Through my own experiences as an external board member in family firms, I have seen different mechanisms in which families deal with their differences in day-to-day decision-making, as well as in the strategic aspect of the business and the family. Families must be truthful about their capacity to work together and determine what is the best way forward.

When times tell the tale
In Colombia, for example, 70% of family businesses are either still in their first generation, or changing hands into the second. This is the most difficult time for a family business, and when conflicts start to blossom.
 
Unresolved conflicts show up in the decision-making organisms around family businesses – board meetings become war rooms where aggressive behaviour can manifest itself. Issues vary from actual business problems to childhood or adolescent misunderstandings, and is where the term  "sibling rivalry" really comes into its own. It is a fact that some siblings get along better with one another than others, and it is important to recognise when siblings can actually work together.
 
In a predominantly Catholic environment, it is morally inconceivable for a sibling to declare that he/she finds it impossible to get along with a brother or sister.

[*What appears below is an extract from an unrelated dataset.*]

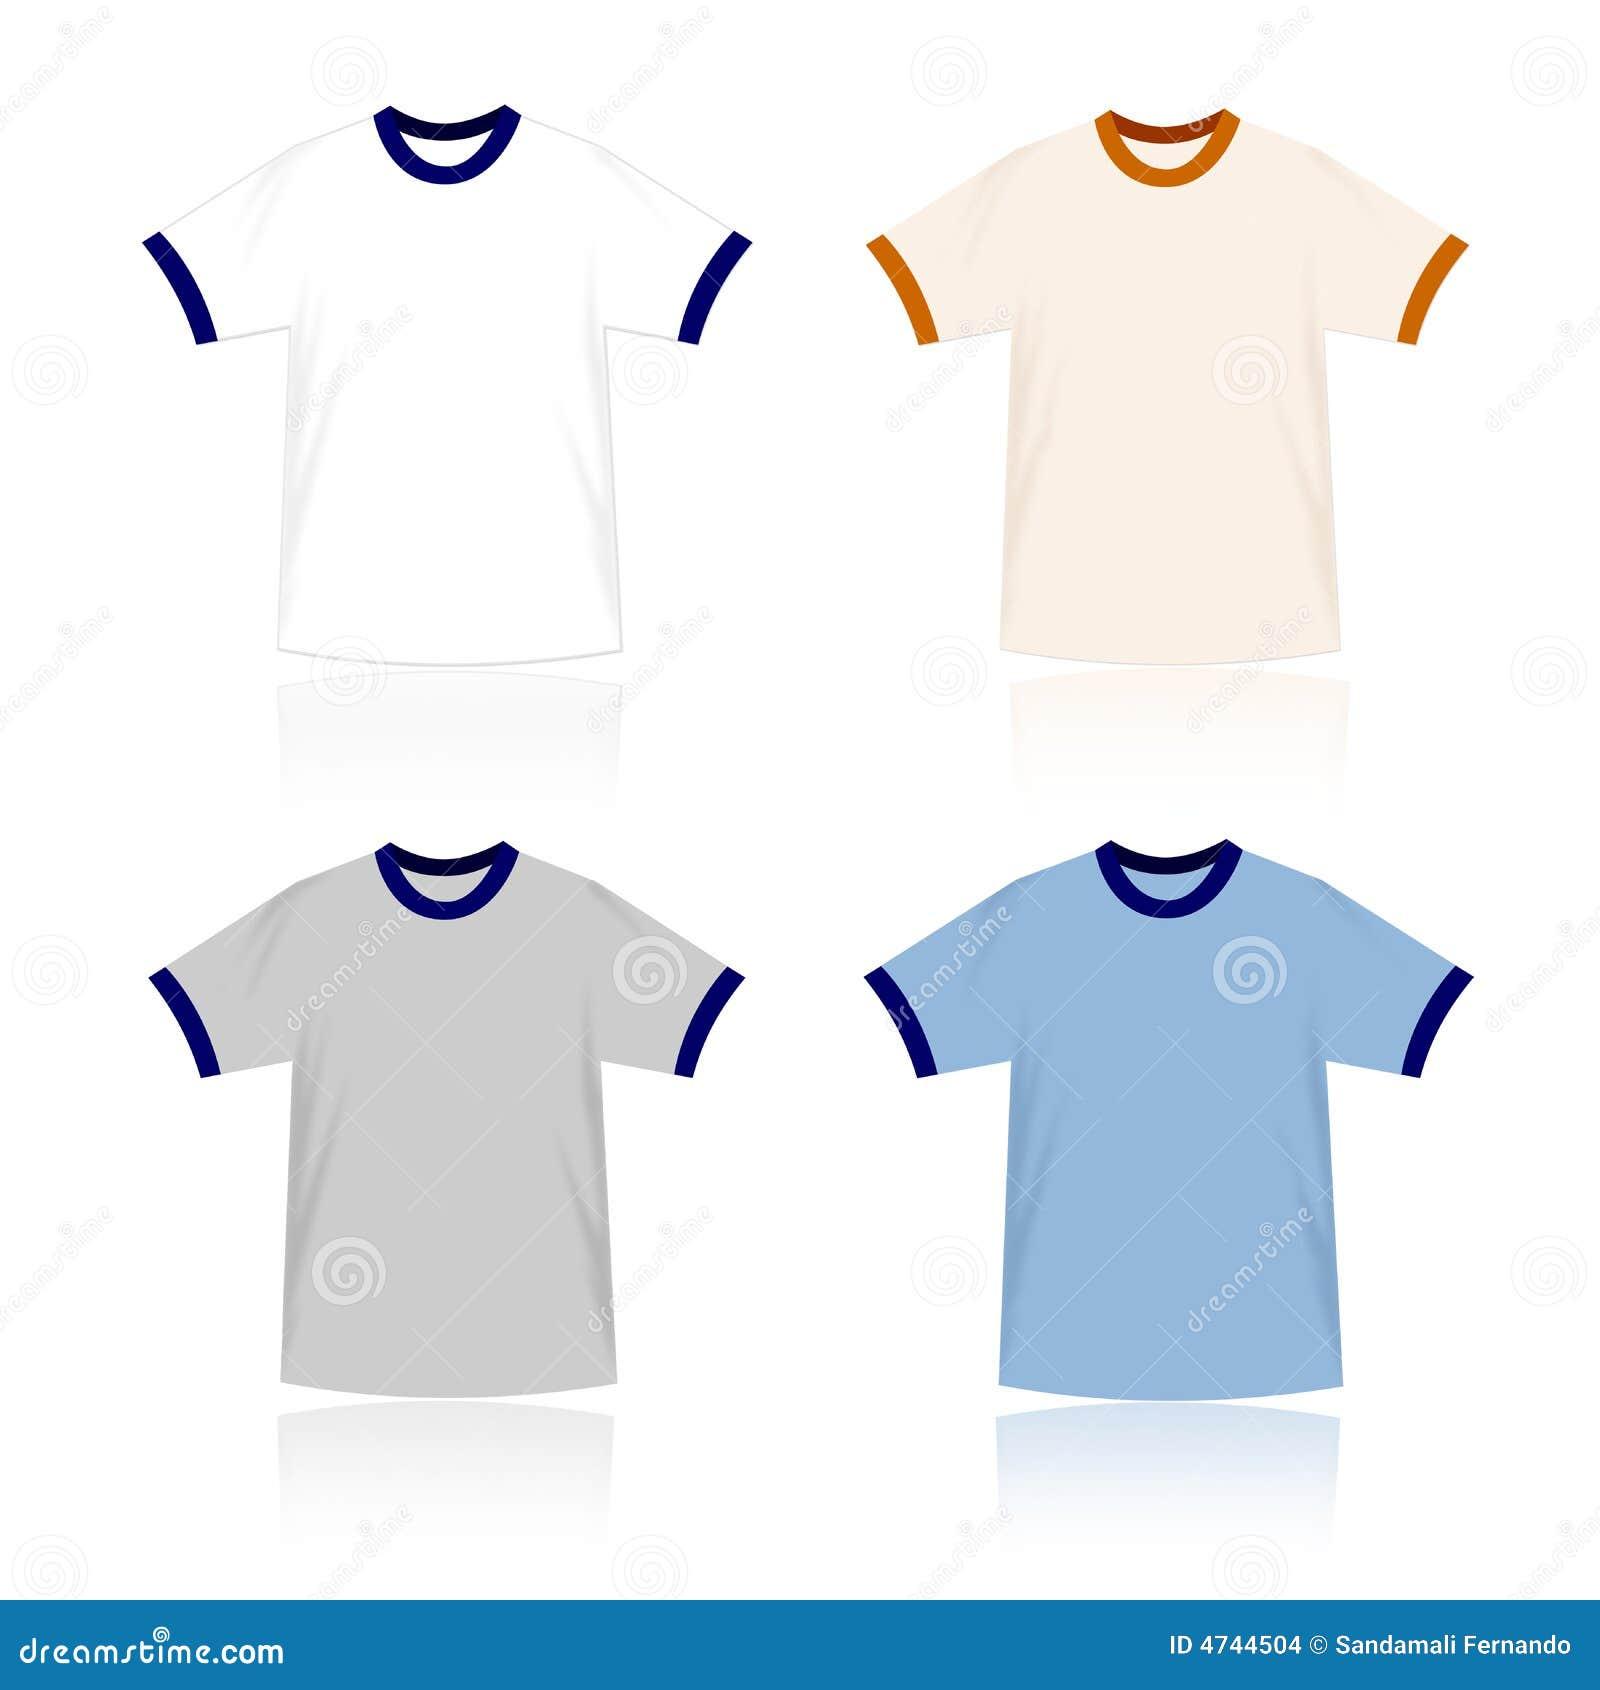 ringer t shirts blank templates stock vector image 4744504. Black Bedroom Furniture Sets. Home Design Ideas

Of course, we are allowed not to get along with our family members, and as humans we owe it to ourselves to accept difficult situations as part of life.

Accepting the brutal reality
You may have already heard about Admiral Jim Stockdale and his ordeal in the Hanoi Hilton prison camp where, during the Vietnam conflict, he was kept as a prisoner of war from 1965 to 1973. He became a model of tenacity through acts such as cutting his face so that he could not be put in videotapes showing how well prisoners of war were treated. Specifically, he developed mechanisms that would help people endure adversity.
 
When asked about those who did not make it out of the Hanoi Hilton, the Admiral referred to them as "the optimists". To quote Stockdale: "The optimists. Oh, they were the ones who said, 'We're going to be out by Christmas'. And Christmas would come and go, and they stayed. And they died of a broken heart." It is a fundamental truth about adversity, according to Stockdale, that you accept the brutal facts of your current reality, however tough or inconvenient.

The Stockdale Paradox is, therefore, a way of dealing with life's challenges: Retain faith that you will prevail in the end but accepting the most brutal facts of your reality. It is a very powerful tool when dealing with unresolved conflict within the family business.
 
The most important fact about an unresolved conflict is that it is, first and foremost, a conflict and that, second, it might be too late to solve it, so it is time to make a brave decision in favour of one's wellbeing. 

Split the business, save the family
Families that have utilised the Stockdale Paradox to do what is best for the suffering individuals – who are, for example, being "tortured" by their incapacity to deal with one another – actually end up better in the long run. They have cleverly accepted that there is nothing wrong with not being able to work with a select few family members. But they have also been open about the fact that even if the family can't get along, the business must prevail.

It is a fundamental right for family members to look for this reality, accept it, and act upon it. It is the greatest gift for oneself and for the family.